Under the three primary directions of geometry, energy, and activity, we can discuss further on how to use minimal energy to achieve an improvement in molecular docking during the drug design process, an improvement in drug-design timeline, and a decrease in research and development costs.
An FPGA for gene calculation applied design
Nvidia’s CUDA platform utilizes the C language to control the GPU development environment, which is well-suited for parallel computing. Under CUDA architecture, DNA sequencing, short assembling sequences can play to the advantages of parallel computation, speeding up computation and generation of three-dimensional genomes.
Invitrogen and Active Motif are biotechnology companies that have cooperated to utilize FPGA-based analysis to create a new generation of gene sequencing data. TimeLogic is a biological computing system that utilizes one or more groups of PCI Express x 1 FPGAs on boards, which integrates with the FPGA accelerator and genomics algorithm to speed up computation speeds to more than 100 times of traditional CPUs when comparing between newly discovered data and established gene knowledge.

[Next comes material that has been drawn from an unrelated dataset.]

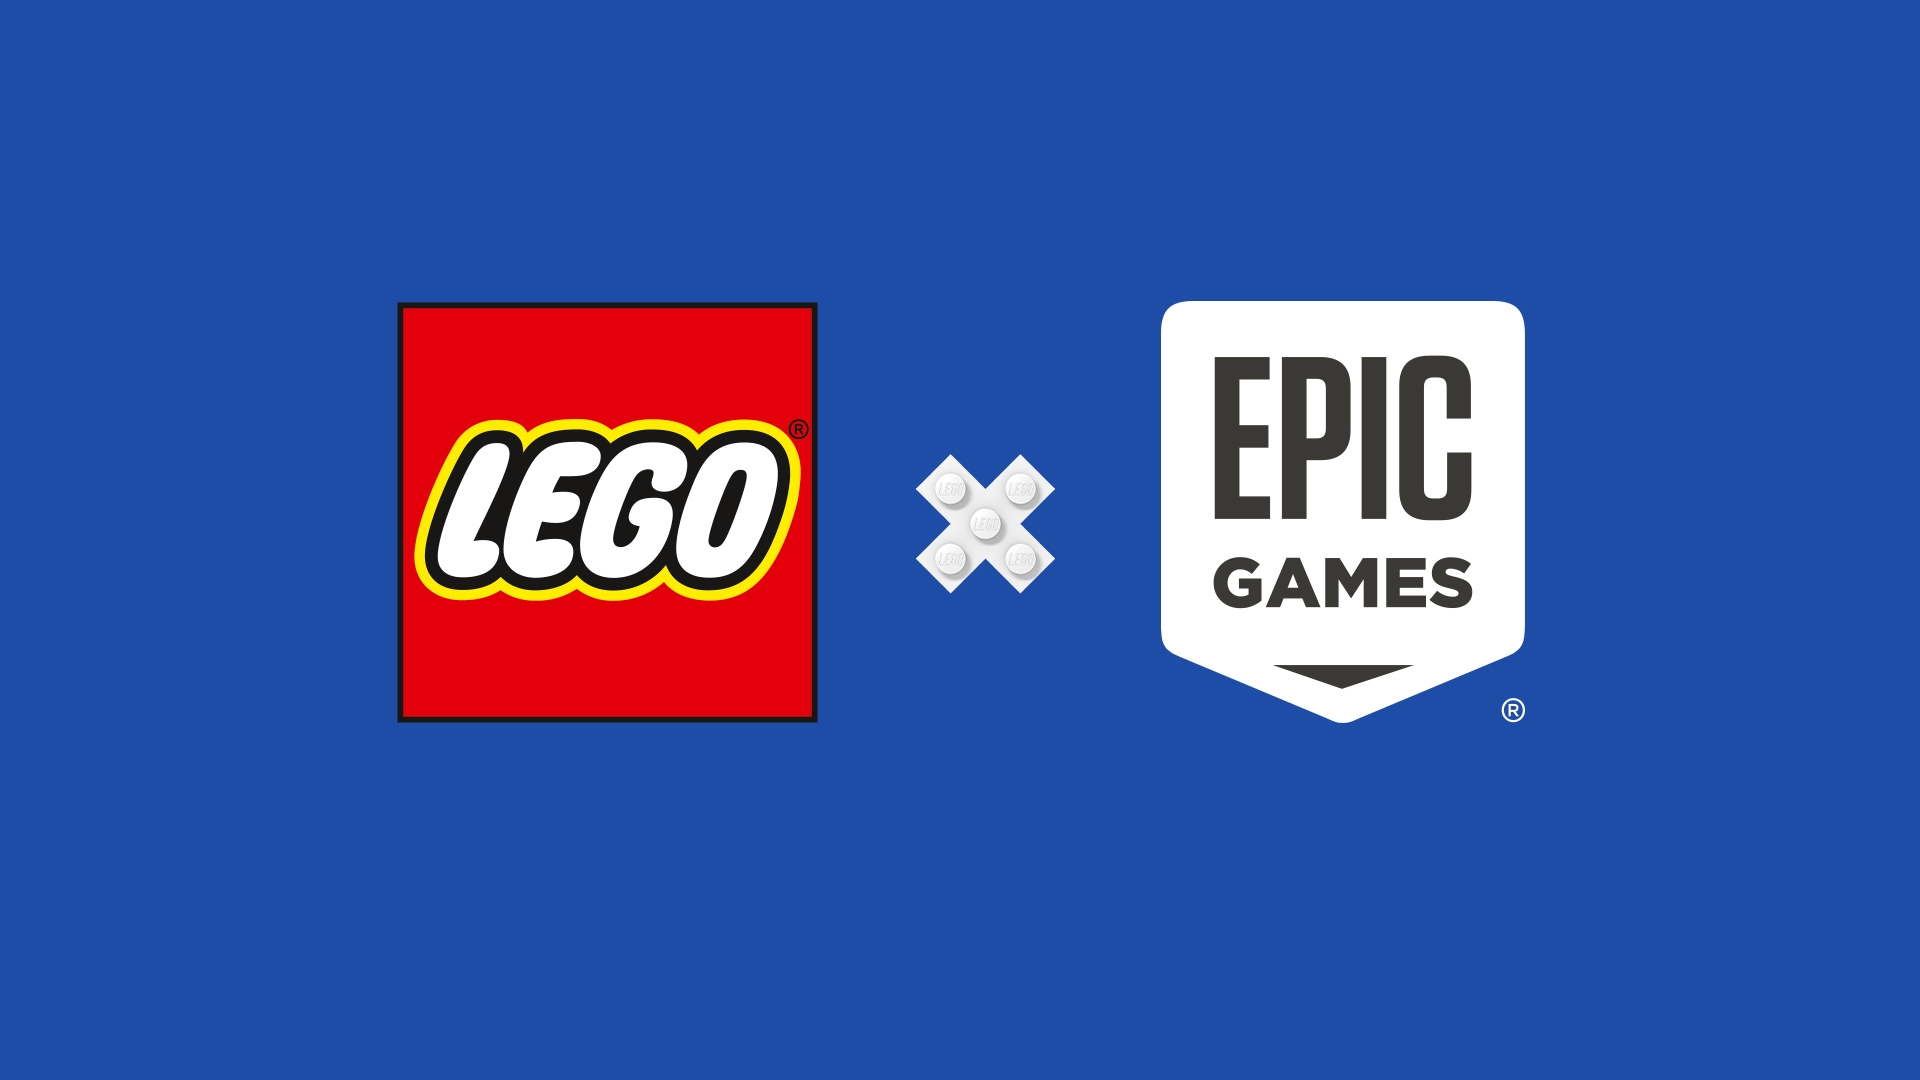 LEGO Group and Epic Games team up to build a place for kids to play in the - About Us - LEGO.com

Under higher requirements for protein folding simulation calculation, researchers first accelerate bonding positions of geometric searching by using hereditary calculations; then energy is the focus, where the stability theory of Lyapunov functions are used to decrease the number of bonding positions in order to further enhance the effectiveness of molecular docking. At the same time, the lowest energy state is achieved through speeding up the molecular system by adjusting the weighted control points and knot vectors. Lastly, a variety of models of drug receptors are simulated in a computer, while utilizing the least energy to determine the smallest area of stable docking, close to minimal global energy state and the assessment of a variety of molecular activity.
In order to utilize the FPGA chip to achieve molecular computation, as well as correspond with the Lyapunov function to decrease molecular docking geometry and stability, we use the system architecture shown in Figure 2 to meet requirements of higher-level researchers. As Figure 2 shows, the primary function of a single-IC system is to provide a high-speed input of data through the use of 4 GIGE ethernet sockets. This provides the back-end FPGA with processing sequence alignment. The core of the hardware architecture is the double DDR2 SODIMM module’s Multi-port Controller. The key for an overall fast system computation lies in the design of the memory management unit and high-speed bus. In order to realize the all-important Linked List data structure in an FPGA during sequencing comparison, a Zero Bus Turnaround (ZBT) SRAM is used to store the Pointer. The two read-write subsystems should operate at the same time without interference with one-another, effectively forming a dynamic parallel processor.
Figure 2 FPGA gene and protein calculation architecture
Regarding the sending and receiving data through DMA on the PC, the system uses a PCI Express x 8 to provide a 16 Gb/s bandwidth to meet requirements. The system also provides two HSMC connectors for high-speed interfacing, which provide up to 8 pairs of 10 Gb/s key bandwidth for high-speed signal lines.
Using HSPICE simulation to overcome 10Gb/s system design bottleneck
Figure 3 DDR2/DDR3 simulation results
The signal integrity of a high-speed FPGA development platform is the key to a successful system. Thus, in our designs, we utilize Hspice, which includes a variety of simulation tools. Through the analysis of specific issues to optimize the parts selection and design trade-offs, such as stacking structure, dielectric material, cable topology, cable length, width, and impedance matching components, as well as the design adjustments due to simulation results, most of the signal-integrity issues are solved within the time period of design.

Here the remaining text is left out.